On the same day Trump posted on the Internet: “NO MORE FUNDING FOR NPR, A COMPLETE FRAUD!”

April 14 – the same day as news has appeared that Trump will formally request that Congress cancel all future funding for CPB. CPB Chief Operating Officer Katie Merritt called her NPR colleague Ryan Merkley to say the board had changed course. He will no longer provide federal money to operate the public radio satellite and distribution system unless it comes from NPR.

On Capitol Hill, as Trump pushed to eliminate all federal subsidies for public radio, CPB executives outlined a strategy to approach Republican Sens. John Barrasso of Wyoming and Shelley Moore Capito of West Virginia—red states in which statewide public media networks enjoy widespread popularity. (CPB's board chairman previously headed Wyoming PBS.)

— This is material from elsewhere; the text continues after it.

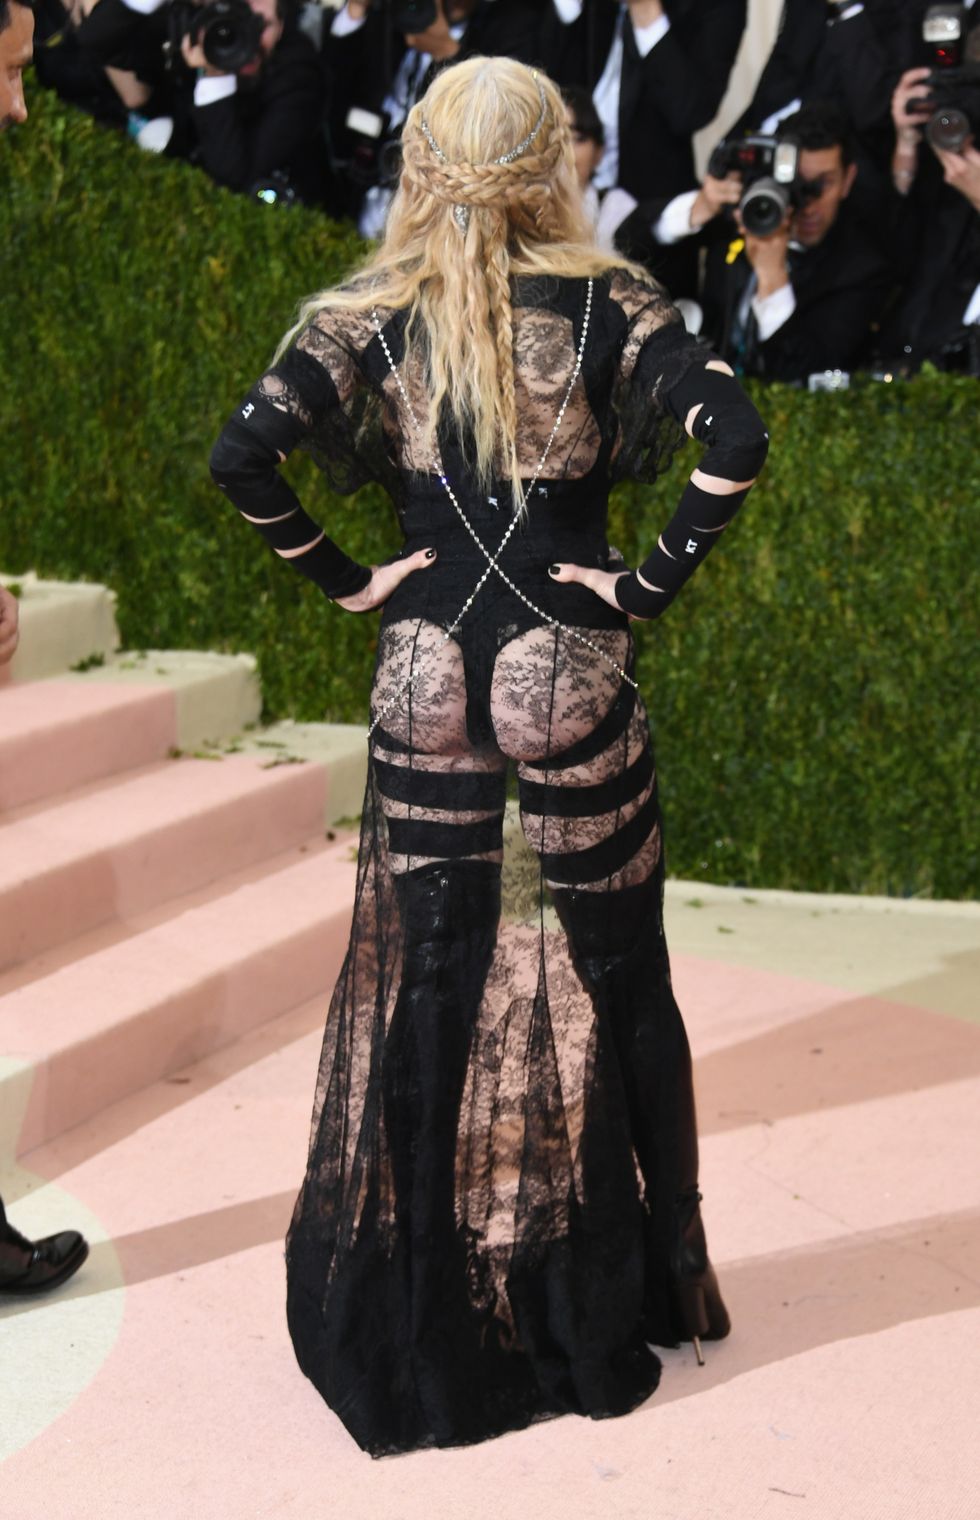 Madonna at the 2016 Met Ball wearing Givenchy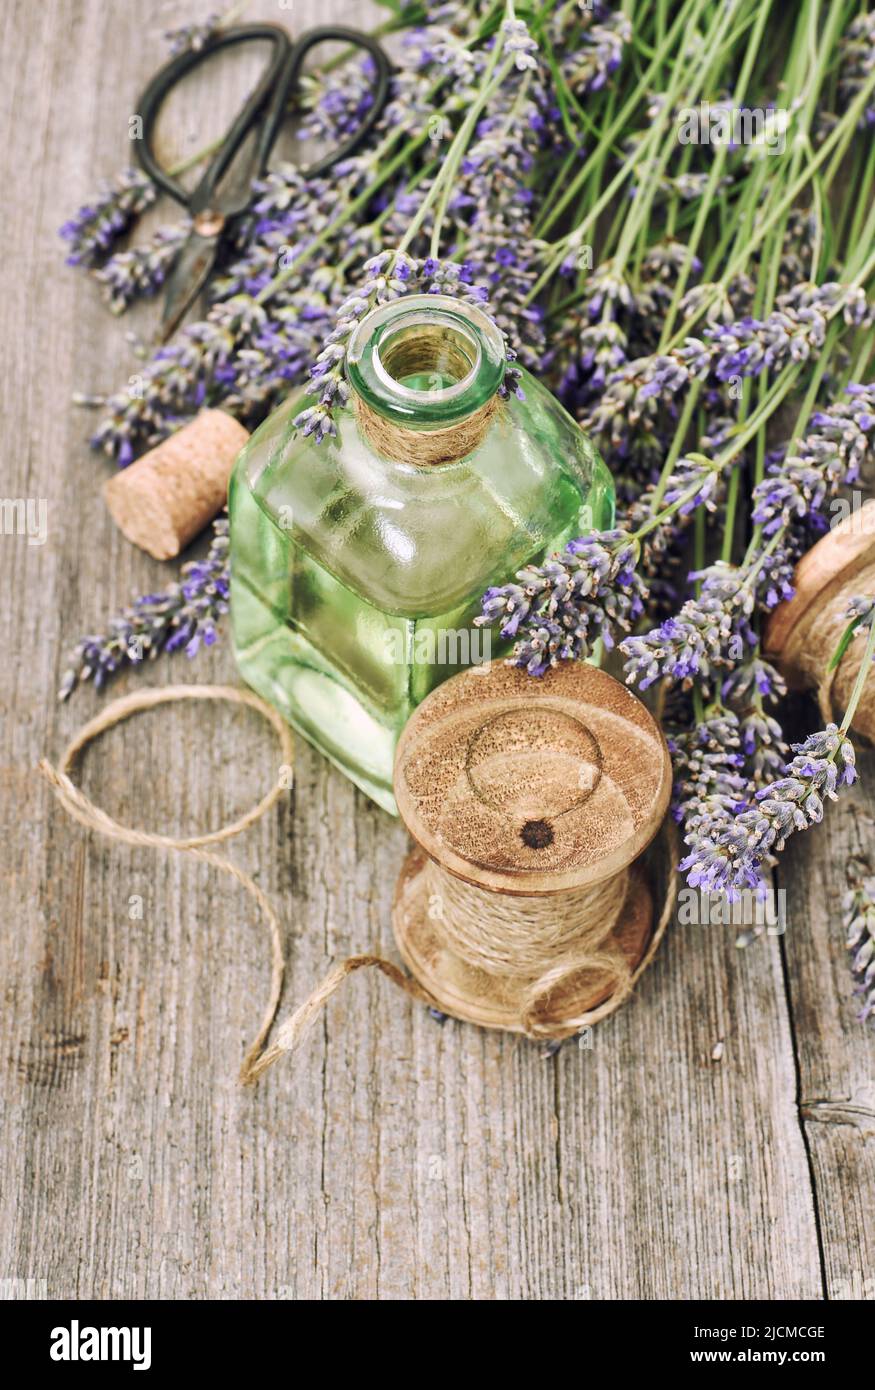 Lavender flowers and herbal oil bottle rustic vintage wooden background Stock Photo

But it was in vain. The senators, along with all but two of their Republican colleagues, voted to successfully defund public media, helping seal the fate of the CPB.

Disclosure: This story was reported and written by NPR's David Folkenflik. It was edited by deputy business editor Emily Kopp and managing editors Gerry Holmes and Vicki Walton-James. Per NPR's protocol for self-reporting, no NPR Corporation official or news executive reviewed this story before it was published publicly.